Copy the closing run of lines, from the one with "Parkanskaya纯净水包装设计" through the last line of the listing, exactly and without any pictures.

▸ Stored data
>>>

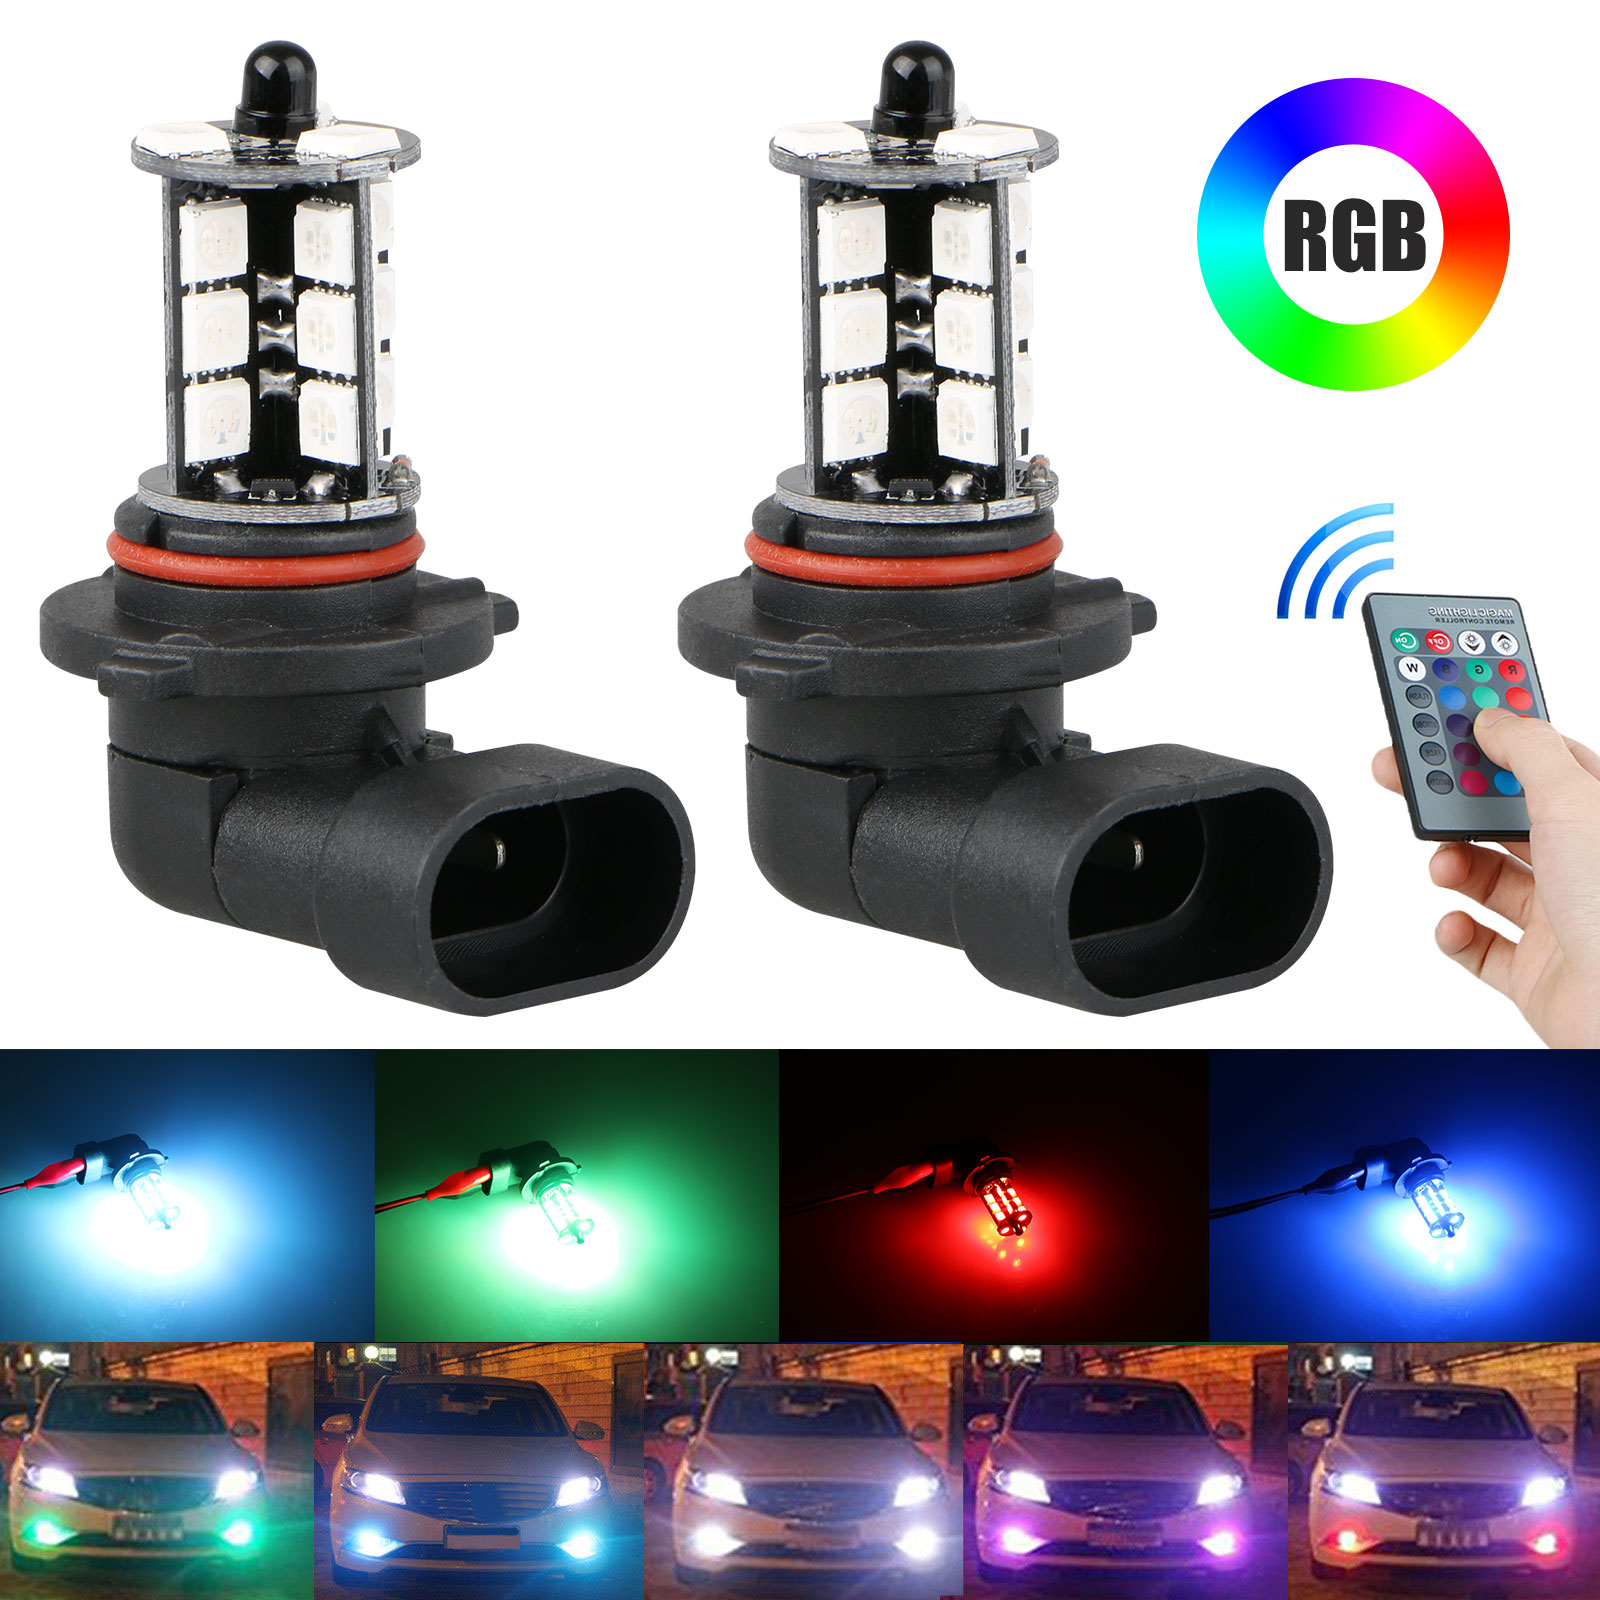 2x 9005 5050 LED 27 SMD RGB Car Headlight Fog Light Lamp Bulb Remote Control
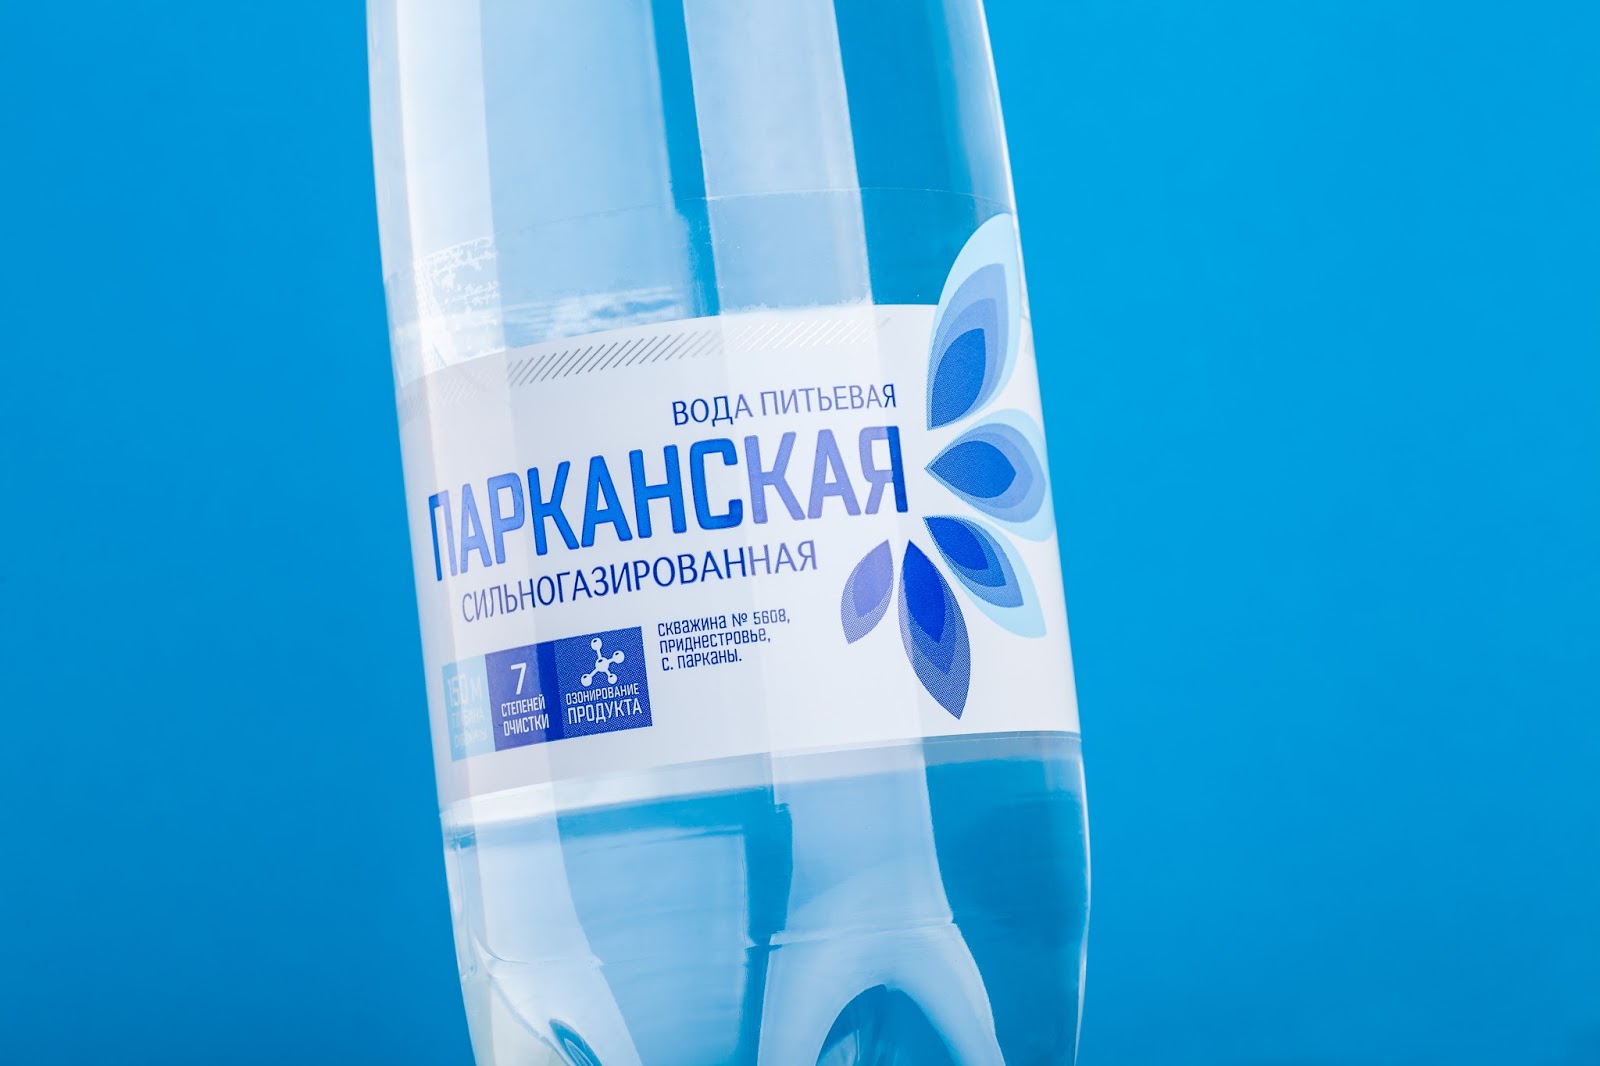 Parkanskaya纯净水包装设计
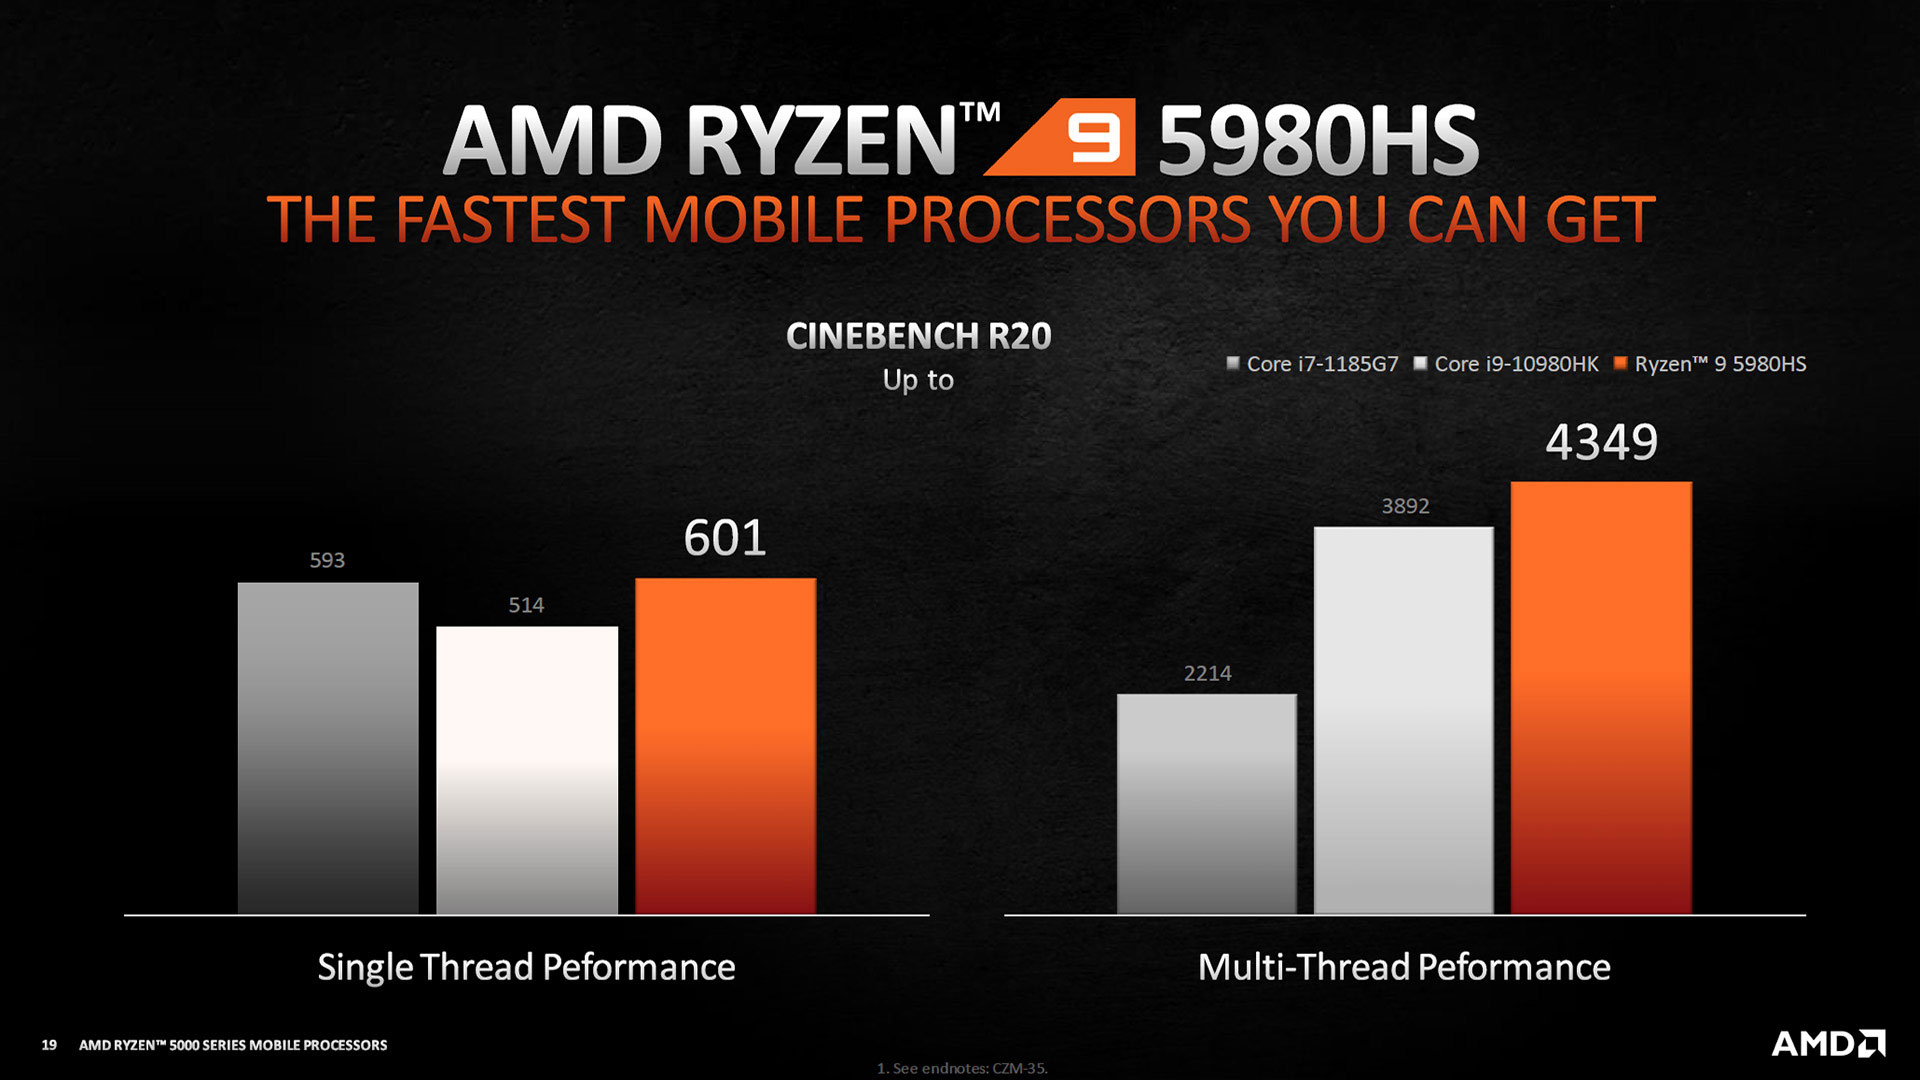 Complete list of AMD Ryzen 9 laptops (6900HX, 6900HS, 5900HX), with

<<<

▸ Exercise response
 Parkanskaya纯净水包装设计
 Complete list of AMD Ryzen 9 laptops (6900HX, 6900HS, 5900HX), with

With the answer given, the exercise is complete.